GIVEN DATA:
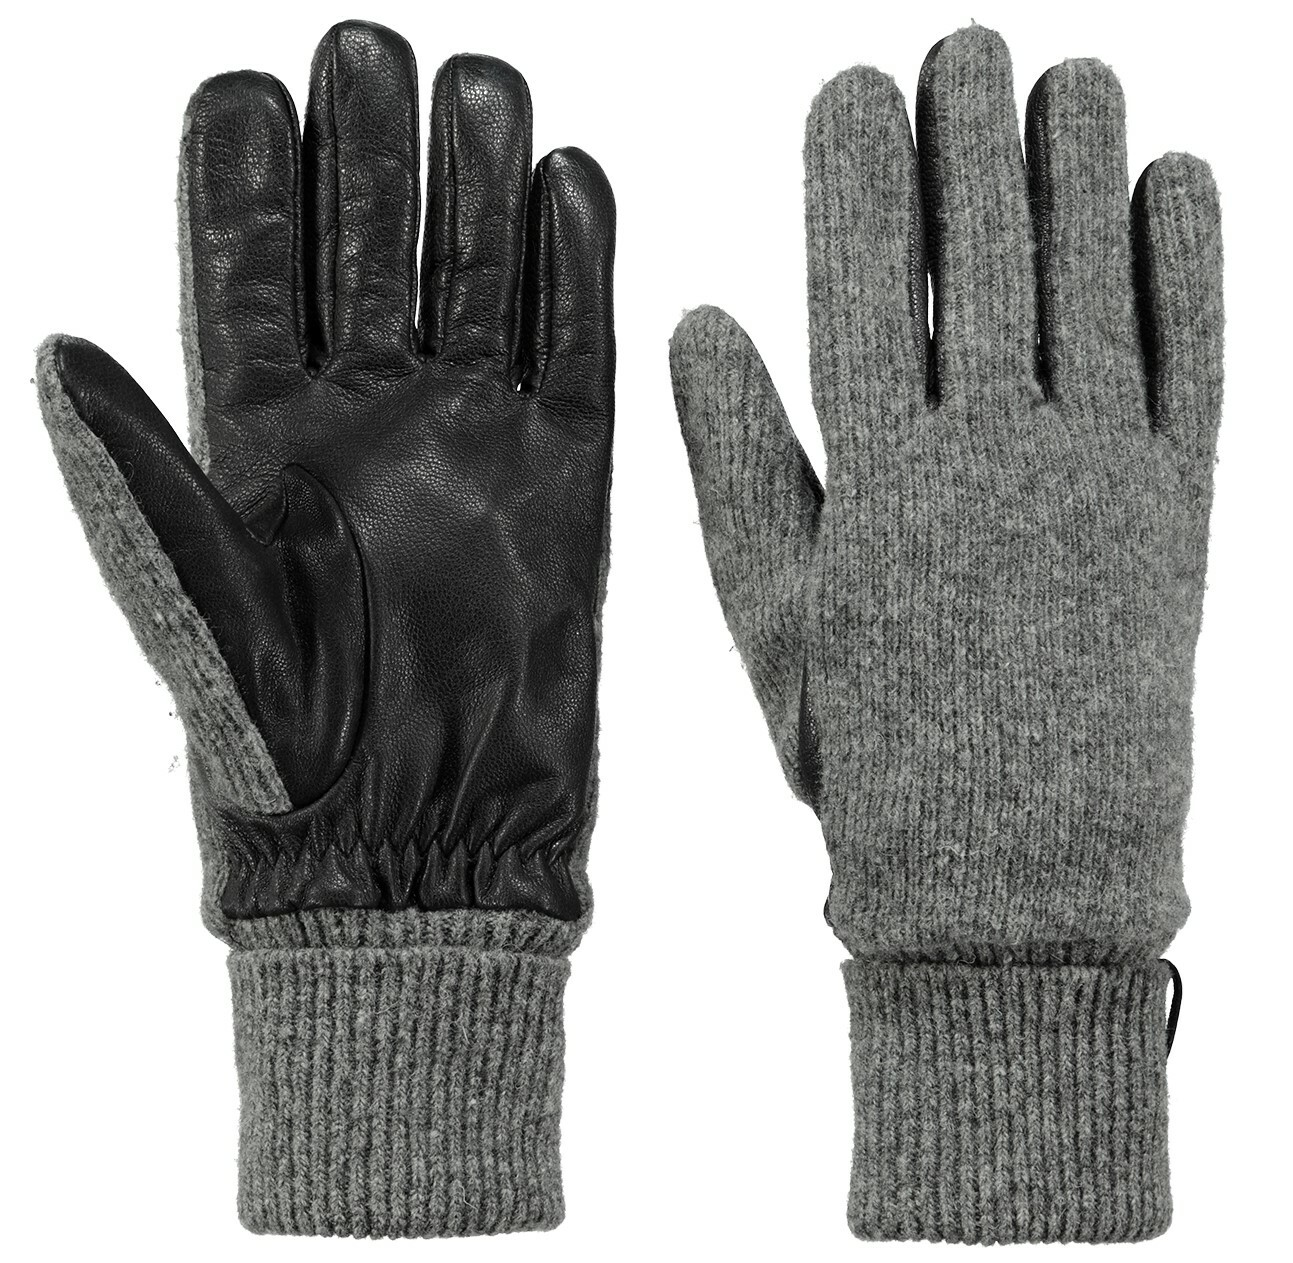 Barts Bhric Gloves
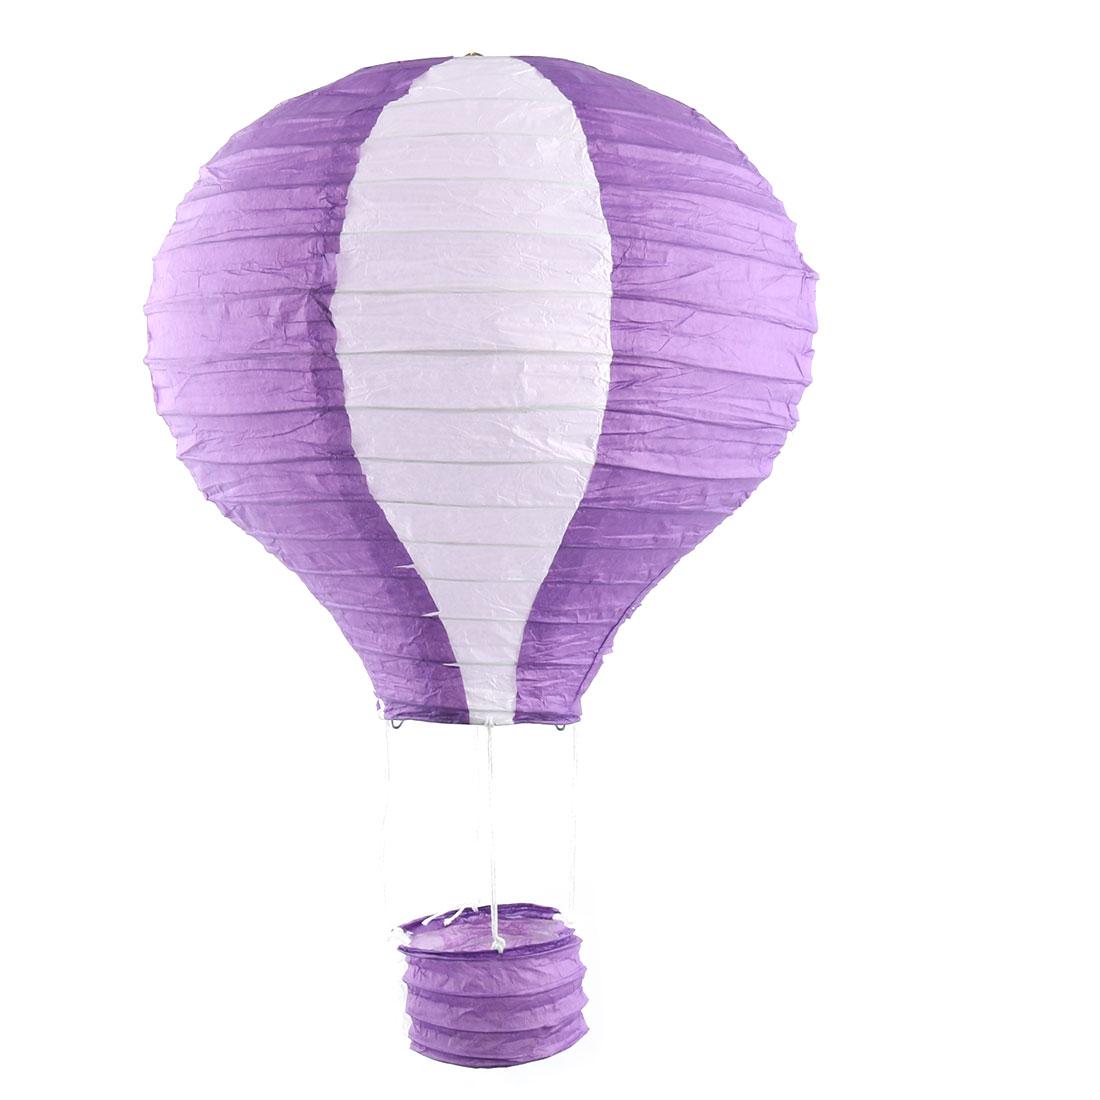 Engagement Festival Party Paper DIY Handmade Lightless Hanging Hot Air Balloon Lantern Purple White
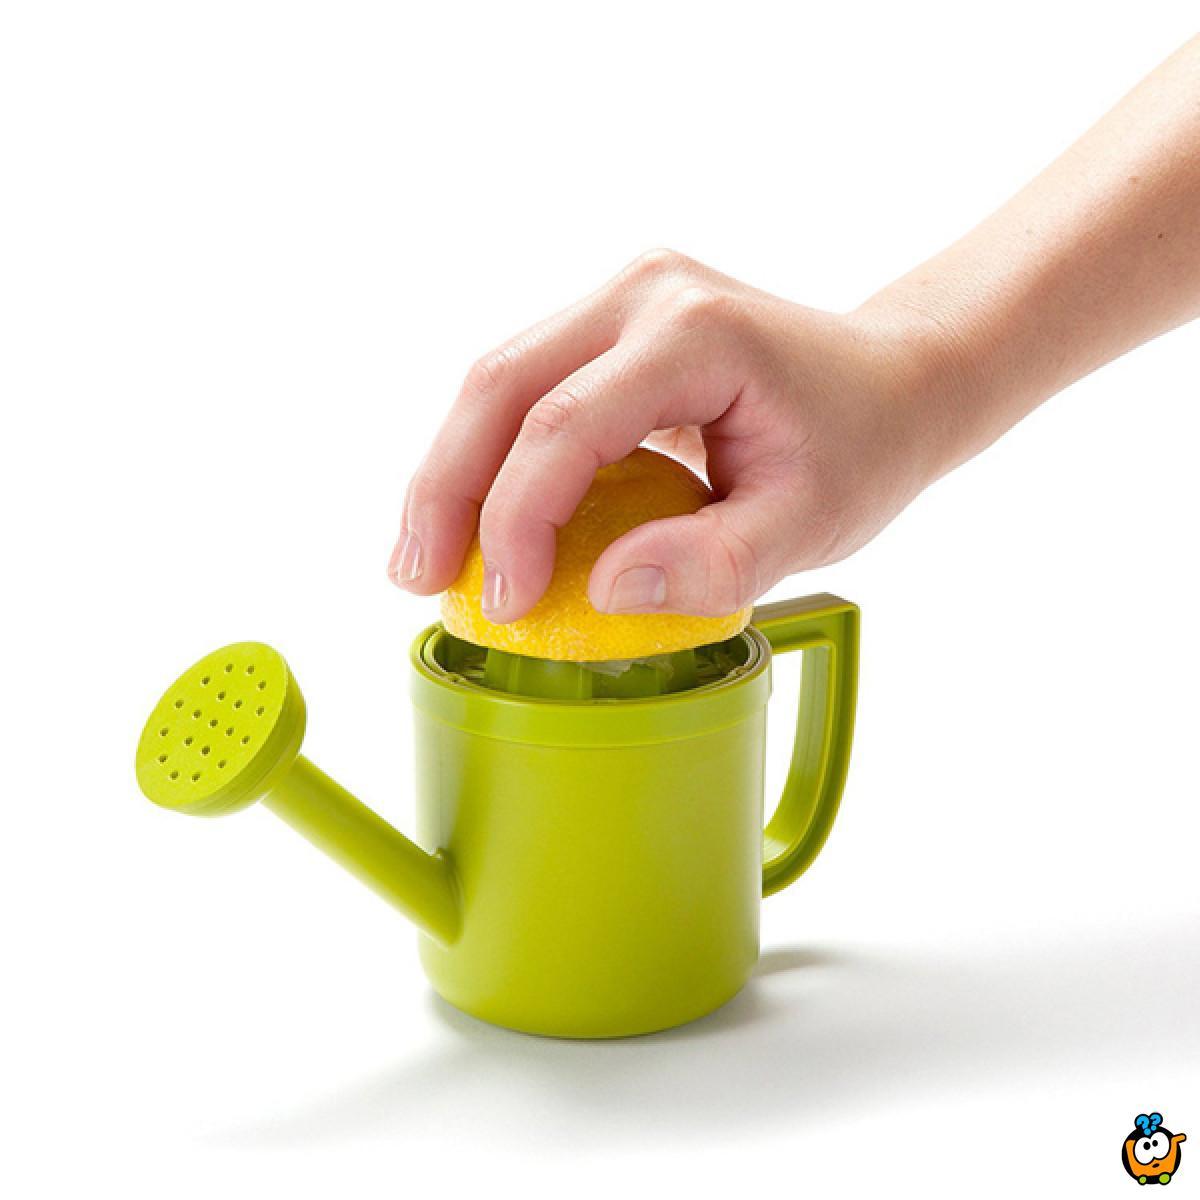 Lemon juicer - cediljka za limun

DIRECTIONS:
When you write out the material again, keep every word exact and omit the pictures.

OUTPUT BELOW:
 Barts Bhric Gloves
 Engagement Festival Party Paper DIY Handmade Lightless Hanging Hot Air Balloon Lantern Purple White
 Lemon juicer - cediljka za limun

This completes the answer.